She inhaled. He knew exactly what that would do to her. The image hit her before she could stop it. On his knees, looking up at her, his hands trailing slowly along her back, chin resting against her stomach. Waiting, wanting.
Her aim faltered. Just for a second. She blinked hard, breath catching, the crossbow’s weight suddenly more difficult to center.But she didn’t let it show. Focus snapped back into place like a drawn wire.
She lifted the crossbow. Her other hand still moving. And then, release. The arrow split the silence, a streak of silver in a world drained of color. It struck the target dead center, right through the heart. Silence fell again. Only their breathing remained, layered and uneven.
???
It wasn’t a crossbow but Mira barely noticed.
She scanned the battlefield, chaos churning around her.
Instinctively, her gaze swept the wreckage for Tharion.
A glimpse of his armor, his stance, anything.

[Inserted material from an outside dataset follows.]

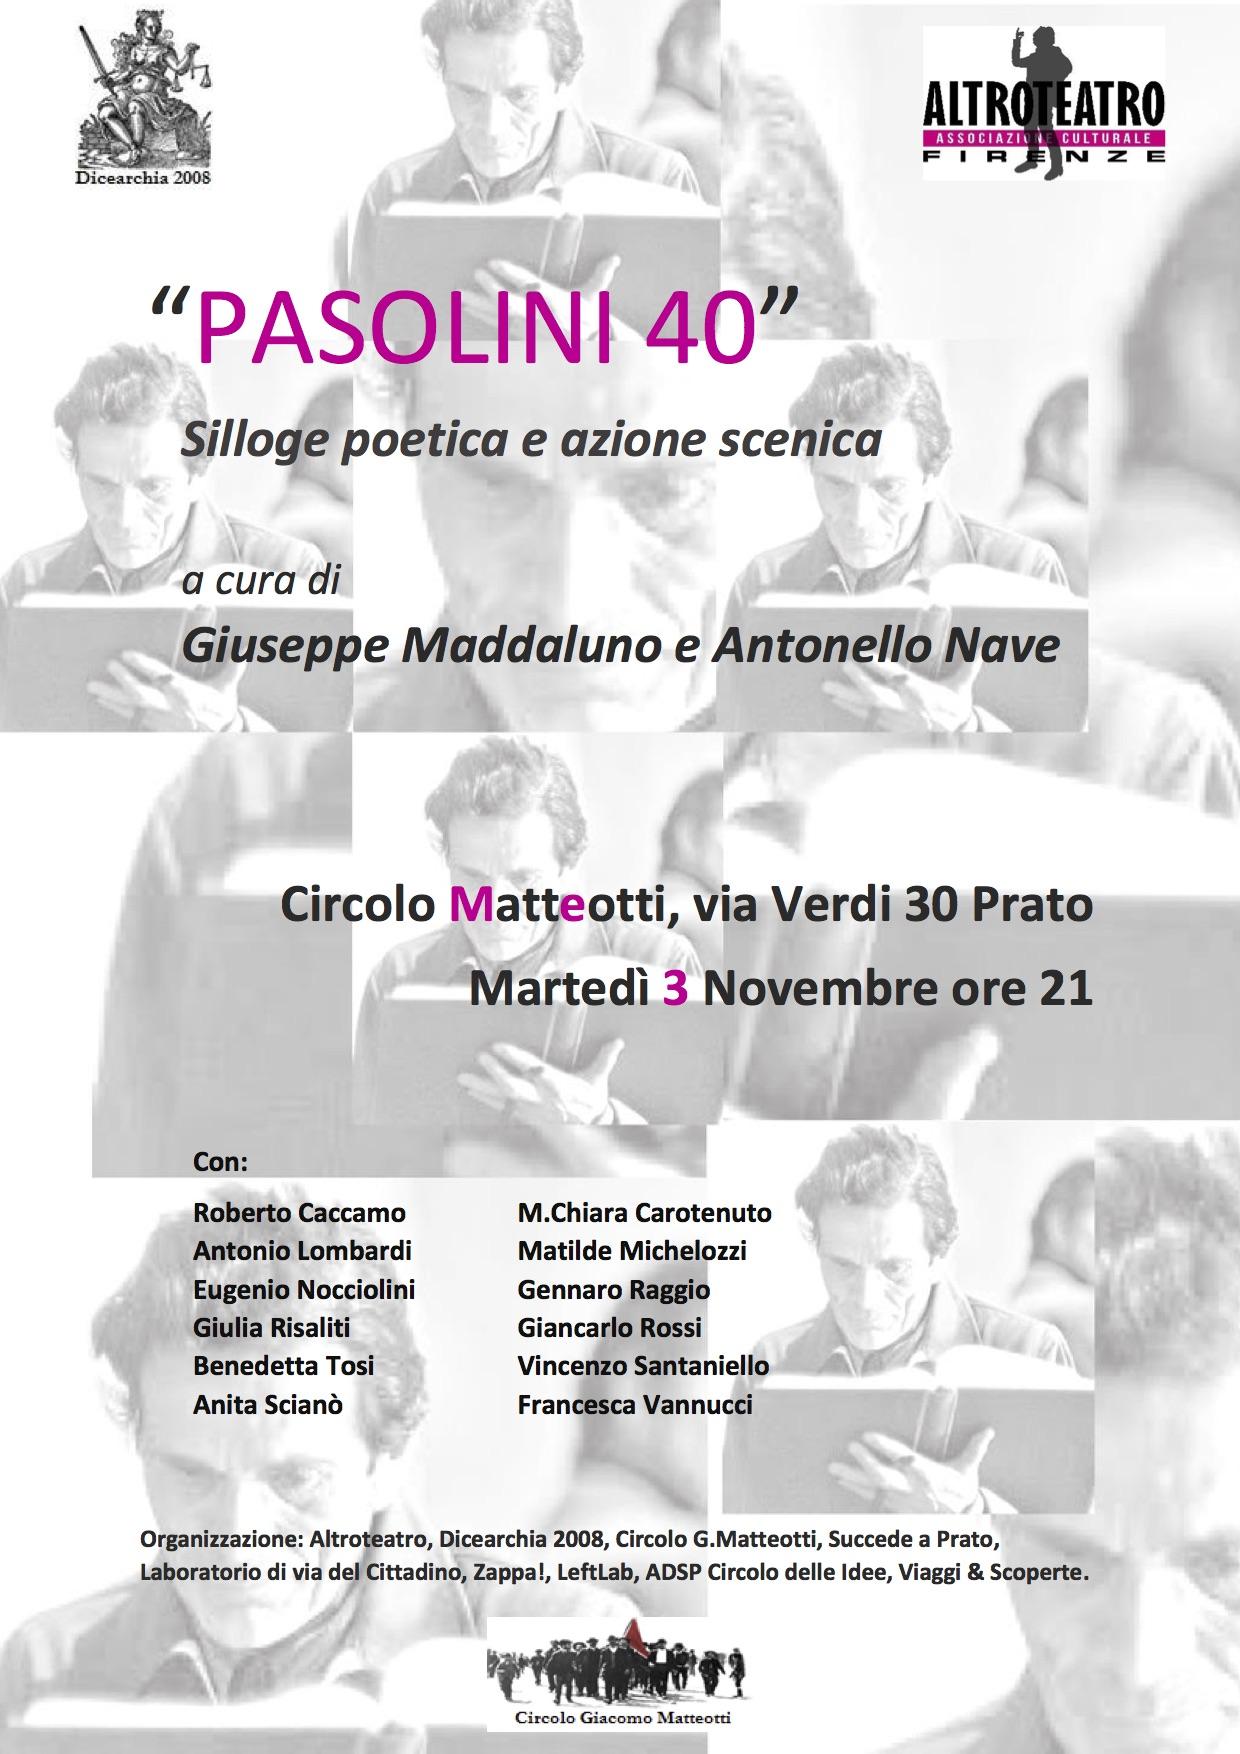 PASOLINI 40-v4 (1)

But he was nowhere. Just bodies. Just fire.
Just noise. Soldiers clashed, metal rang against metal, and the acrid scent of smoke burned her nostrils.
She pivoted on instinct, losing two more arrows in rapid succession, one finding its target. Then she moved, darting through the fray, weaving between bodies and blades. Sparks flashed as Kharad weapons clashed around her, the heat of the burning wreckages licking at her skin .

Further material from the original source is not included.